At Sendcloud we run a shipping platform built using technologies like Python, Django, our main database is Postgresql, Redis for caching, and Dramatiq for background tasks.
For many years we embraced the monolith pattern at Sendcloud. For a small start-up with a team of < 20 developers, this was a great way to develop an application. We carefully designed our monolith-first strategy. The simplicity of our stack allowed for fast iterations, trying to get a product-market fit at a rapid pace. The majority of our platform’s code is kept in a single repository, while different domains are divided into Django apps making sure developers didn’t step on each other’s toes. For a long time, a developer could keep the entire code-base in his head.
After all these years we’ve decided to move away from our monolith setup, breaking our platform into smaller services.

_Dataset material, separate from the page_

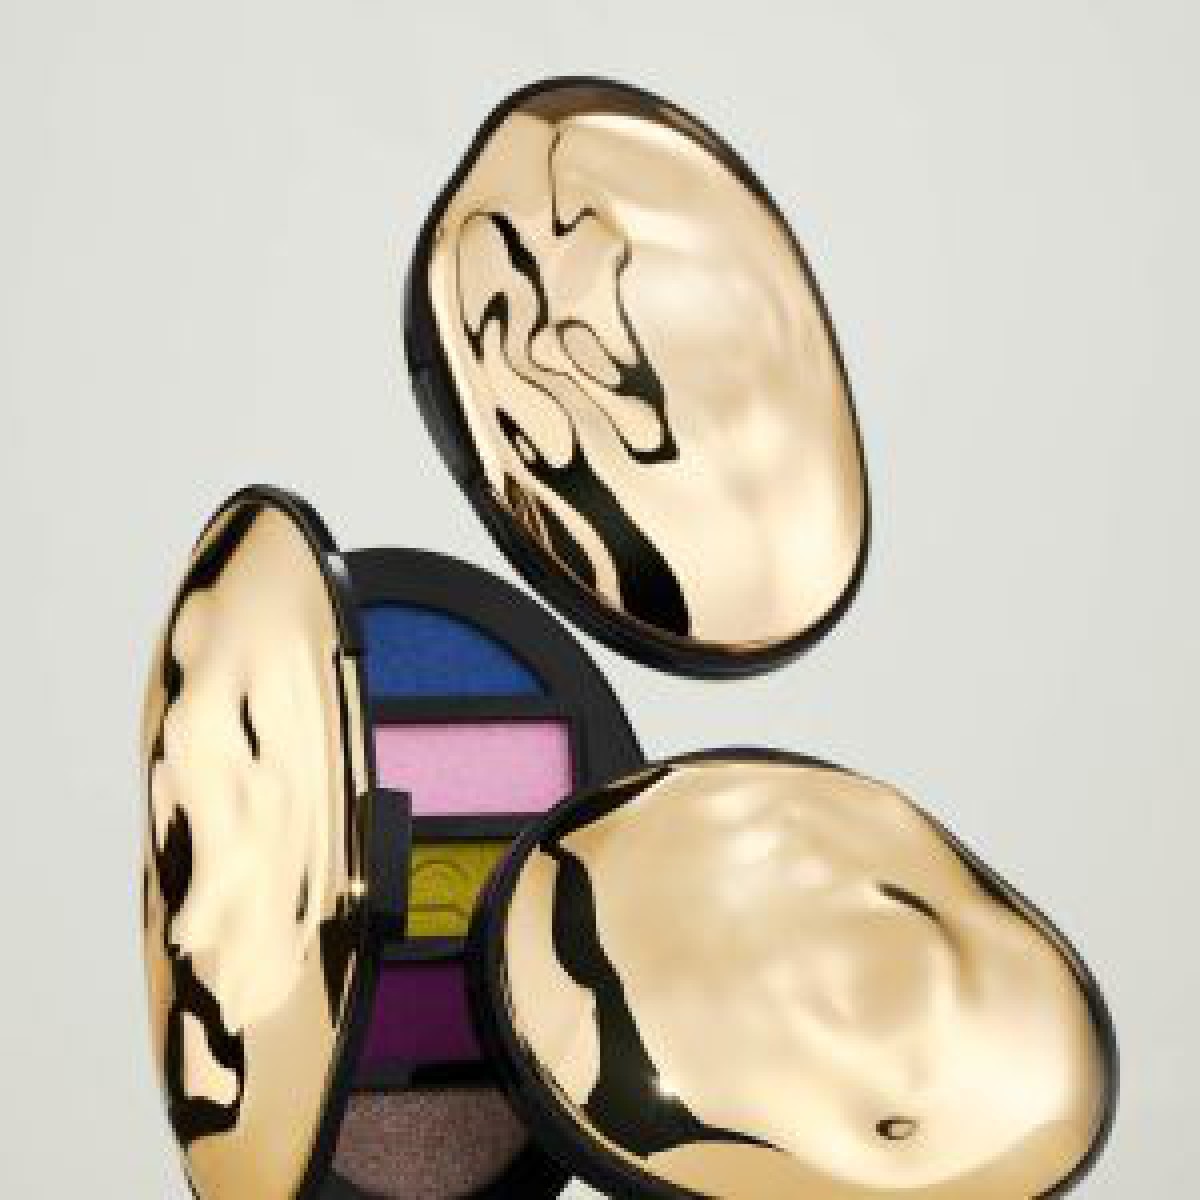 「バイレード」のメーキャップコレクションにアイシャドウパレットが登場、高発色なパウダー5色をセットに

- Our main drivers to do so are:
- Decrease complexity and cognitive load for developers,
- Reduce deployment times and risks,
- Allow for different scaling and robustness requirements per service,
- Introduction of new technologies.
Our codebase has grown quite big, although well documented and with extensive test coverage, it’s hard to comprehend the entire code base. Especially for newcomers to our team, the project is getting overwhelmingly big. It’s hard to oversee the impact of changes you’re making or to keep up with changes your colleagues are making. Moving to smaller services allows our teams to move faster and keep an overview of the services they are working on. Implementing strict contracts (APIs), allows teams to efficiently work on these services in parallel.

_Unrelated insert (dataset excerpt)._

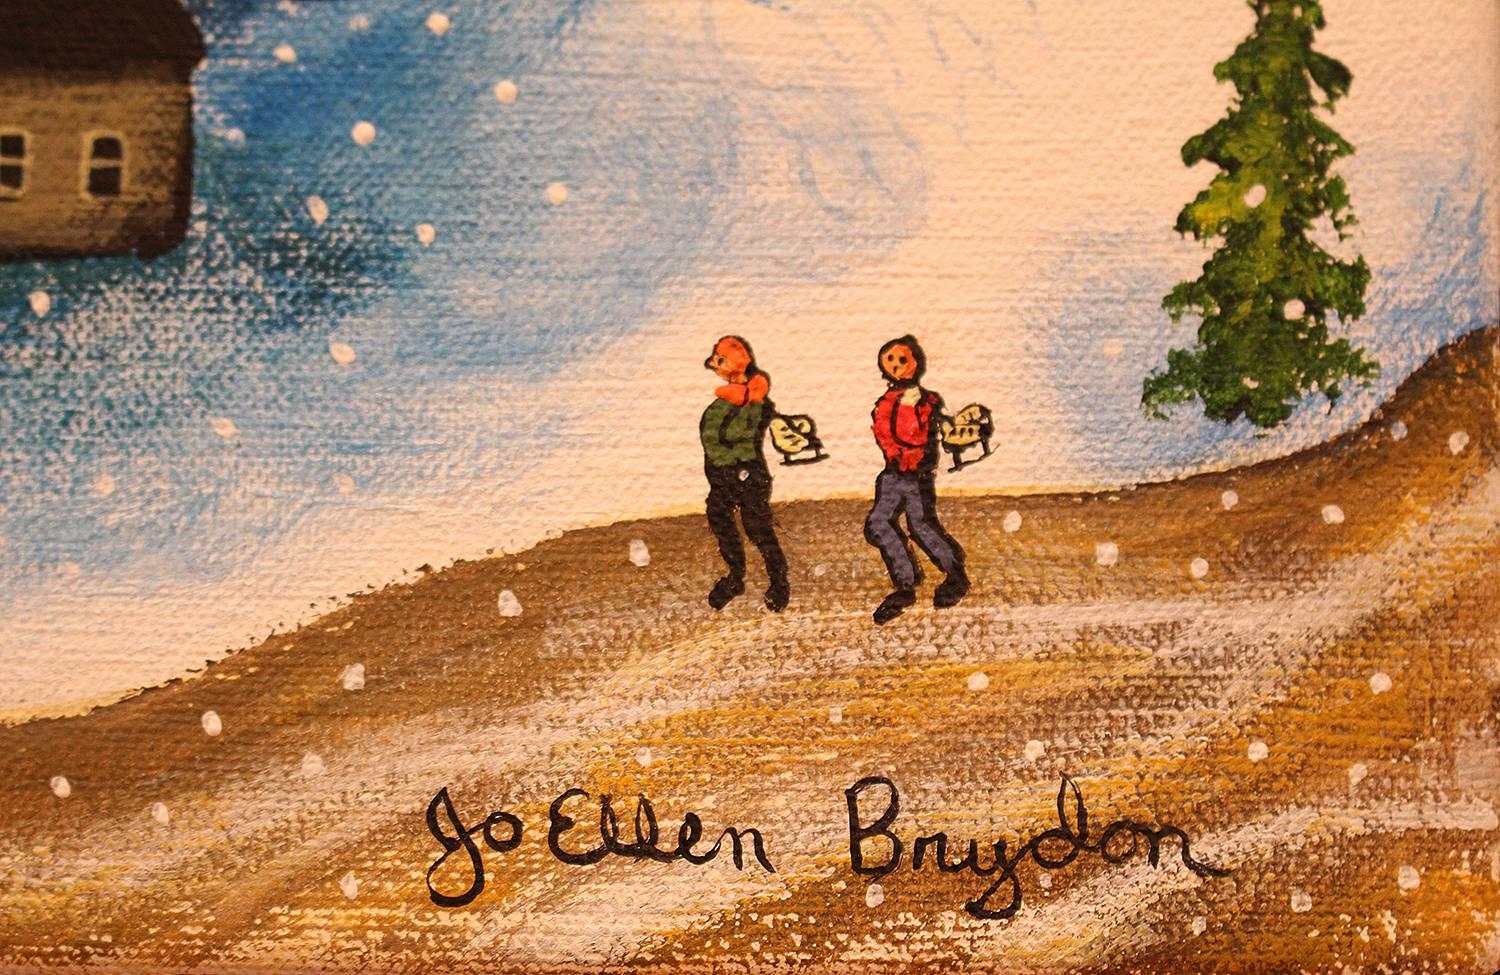 A Winter Day Skaking - Beige Landscape Painting by Jo Ellen Brydon

Each deployment is a potential risk to disrupt our service. We have an extensive continuous integration and deployment setup, currently making 10–15 deployments per day mostly containing a wide range of code changes. Each time, however, we build and deploy our entire platform, even for small changes. With a growing team, the new releases will contain more changes, increasing the risk of deployments and making it harder to relate an error in production to a merge request. All in all, this is causing a waste of valuable computational resources, unnecessary long time to deploy, and this is slowly creating a bottleneck since more developers want to join the merging train or spend more time on triage of errors.
Sendcloud is also rapidly expanding internationally (we launched our product in Spain and Italy this year and will do so in the UK later this year as well), and our customers are active at extended hours. This makes maintenance without impacting our customers harder. Having separate services, databases, and infrastructure for various purposes will allow us to perform maintenance on these services with reduced customer impact. If these separate services are still tightly coupled, the impact of such maintenance will easily cascade through the platform. To improve this robustness it’s key that these services are loosely coupled.

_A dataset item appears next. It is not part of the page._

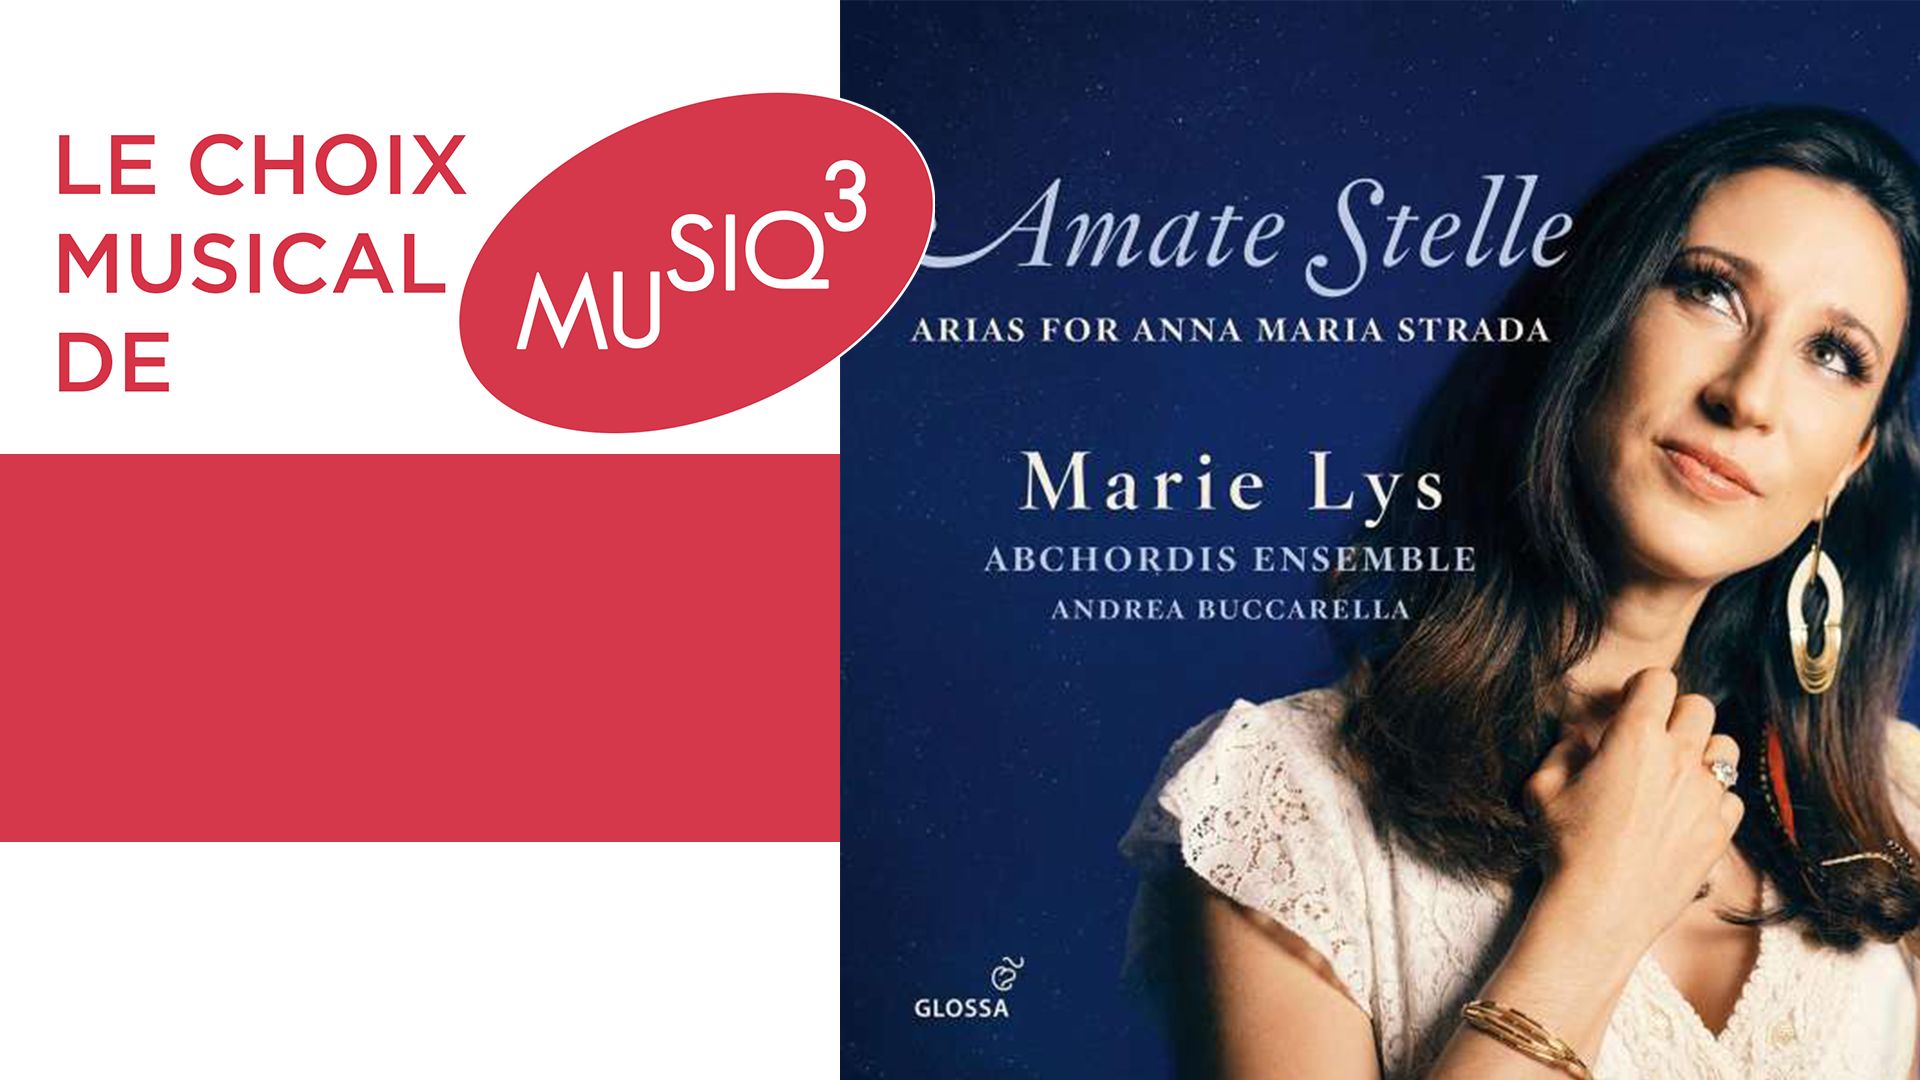 La brillante soprano Marie Lys rend hommage à Anna Maria Strada

Once the APIs are clearly defined between connecting services, new technologies can be introduced in our stack as well. Sendcloud highly depends on external services, where we make a lot of API calls to these services. Python isn’t necessarily the most efficient tool to handle a lot of blocking IO operations in parallel. Having strictly defined contracts, allows teams to experiment with new technologies, in our case we’re gradually introducing more Go into our stack.
In upcoming articles, more details will be shared on technical decisions we’ve taken. A good read is Sam Newman’s book — Monolith to Microservices, which outlines various patterns on moving from a monolith to a microservices architecture.